What the task asks ::
Retyped exactly and without pictures, the lines from the one with "Wallpaper Rapper Eminem" through the end of the listing must form the entire answer.

Supplied information ::

________________

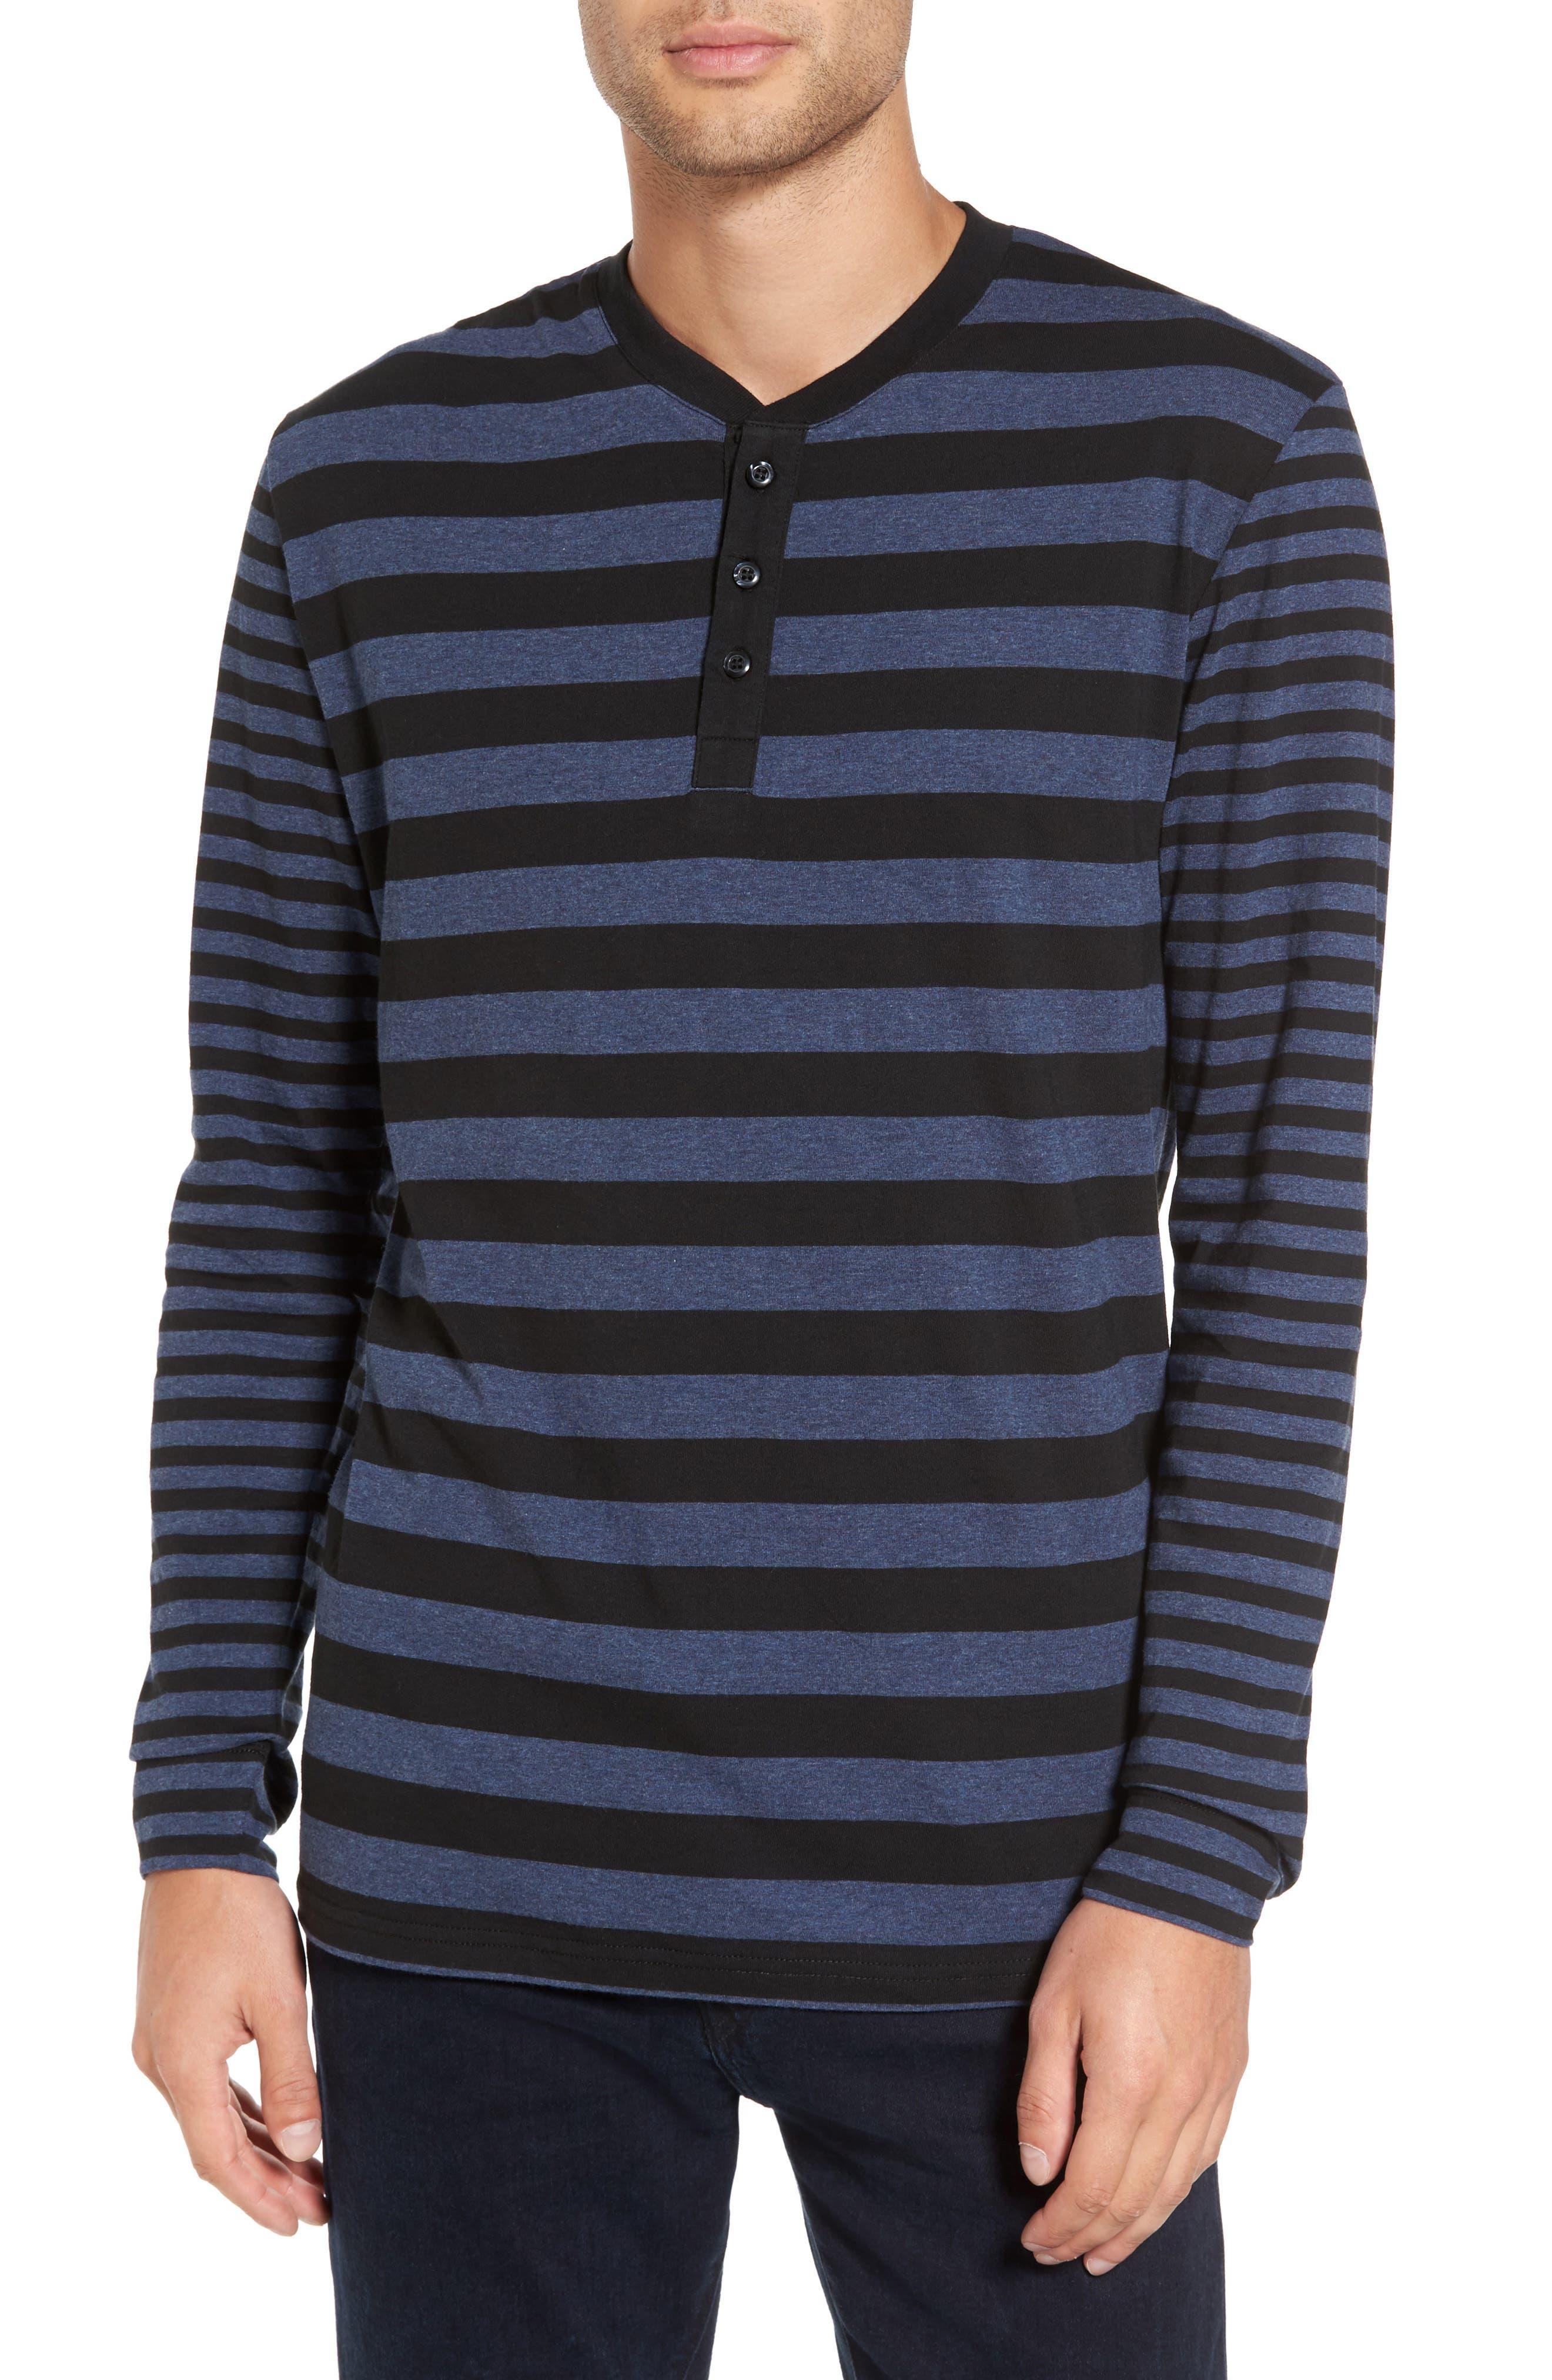 Slate & Stone Striped Long Sleeve Henley T-Shirt
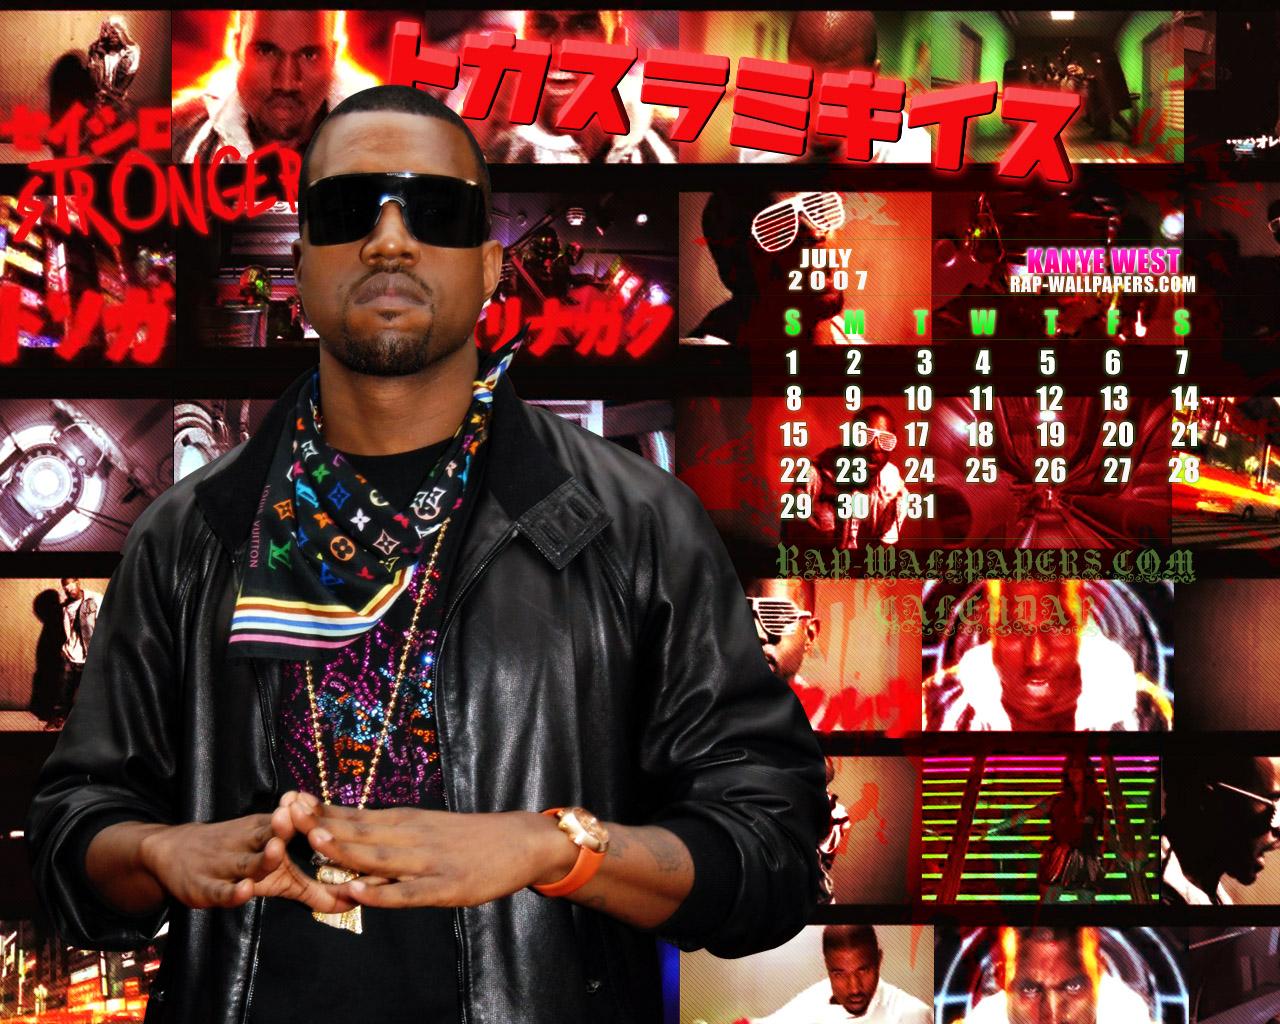 Wallpaper Rapper Eminem HD 44323 ... - hdwallpaperfun.com
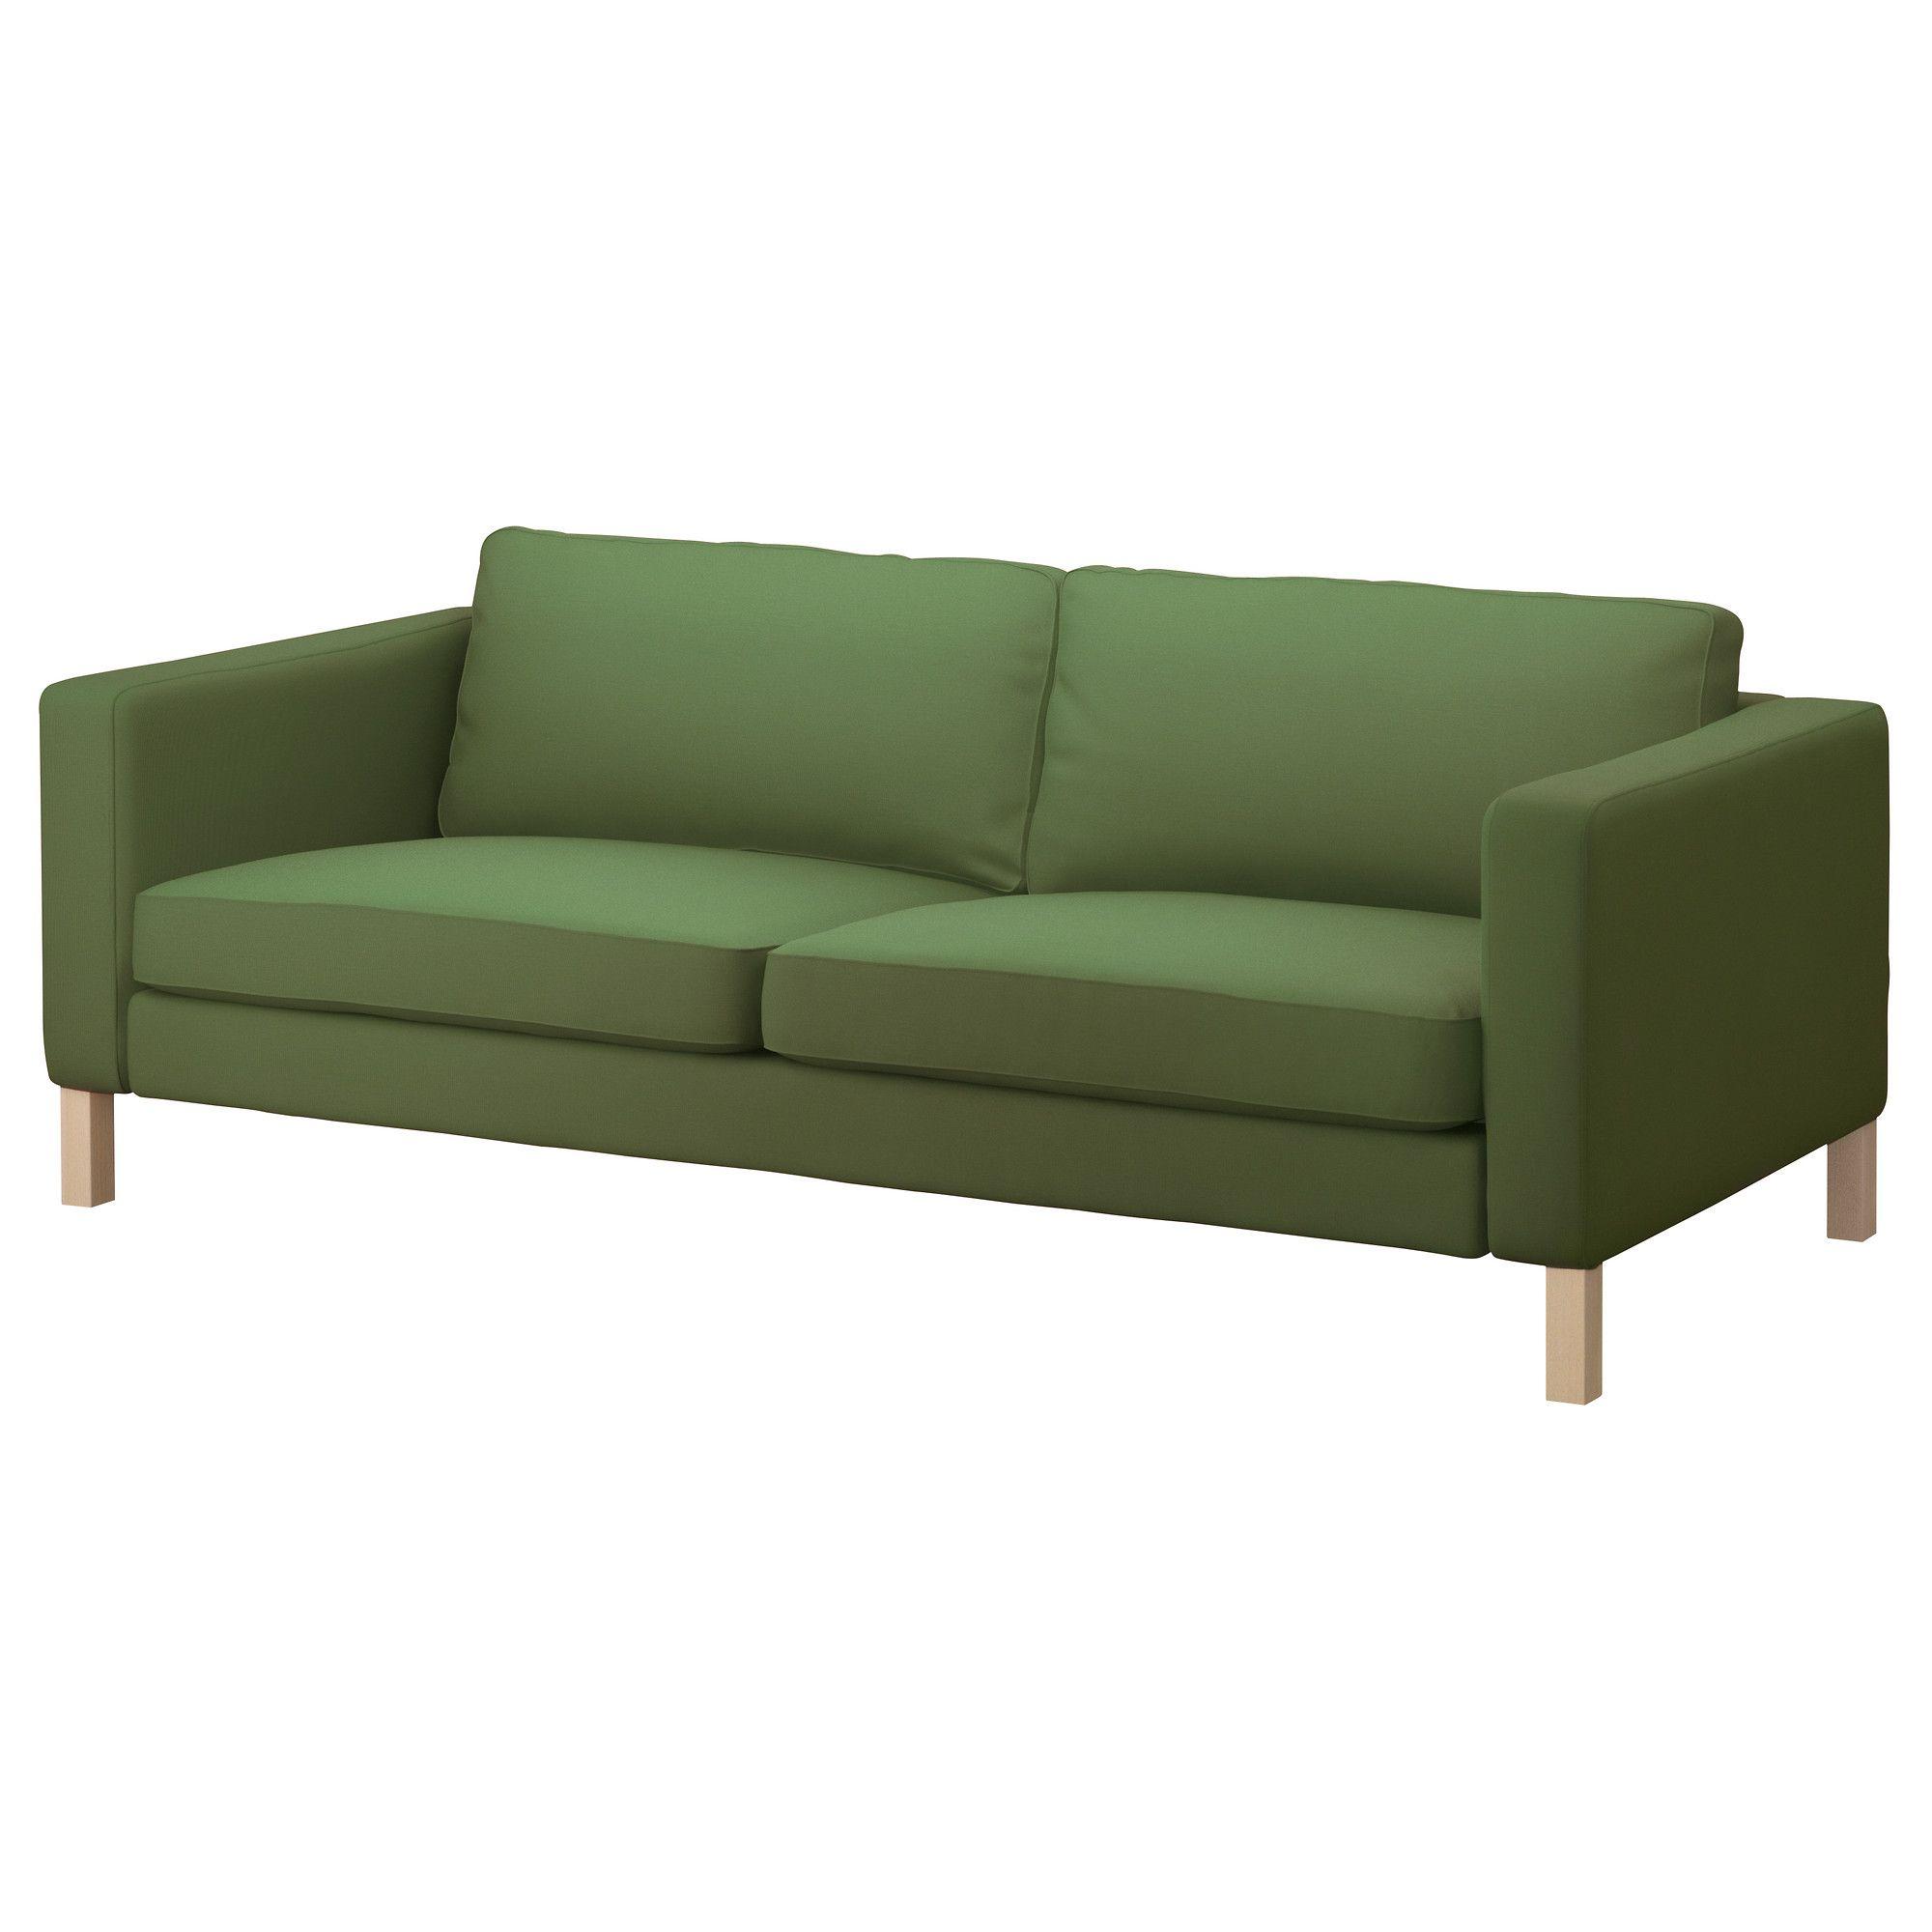 karlstad 3er sofa sivik gr n ikea die alte m nz pinterest waiting rooms sunroom and. Black Bedroom Furniture Sets. Home Design Ideas

________________

Solution to the exercise ::
 Wallpaper Rapper Eminem HD 44323 ... - hdwallpaperfun.com
 karlstad 3er sofa sivik gr n ikea die alte m nz pinterest waiting rooms sunroom and. Black Bedroom Furniture Sets. Home Design Ideas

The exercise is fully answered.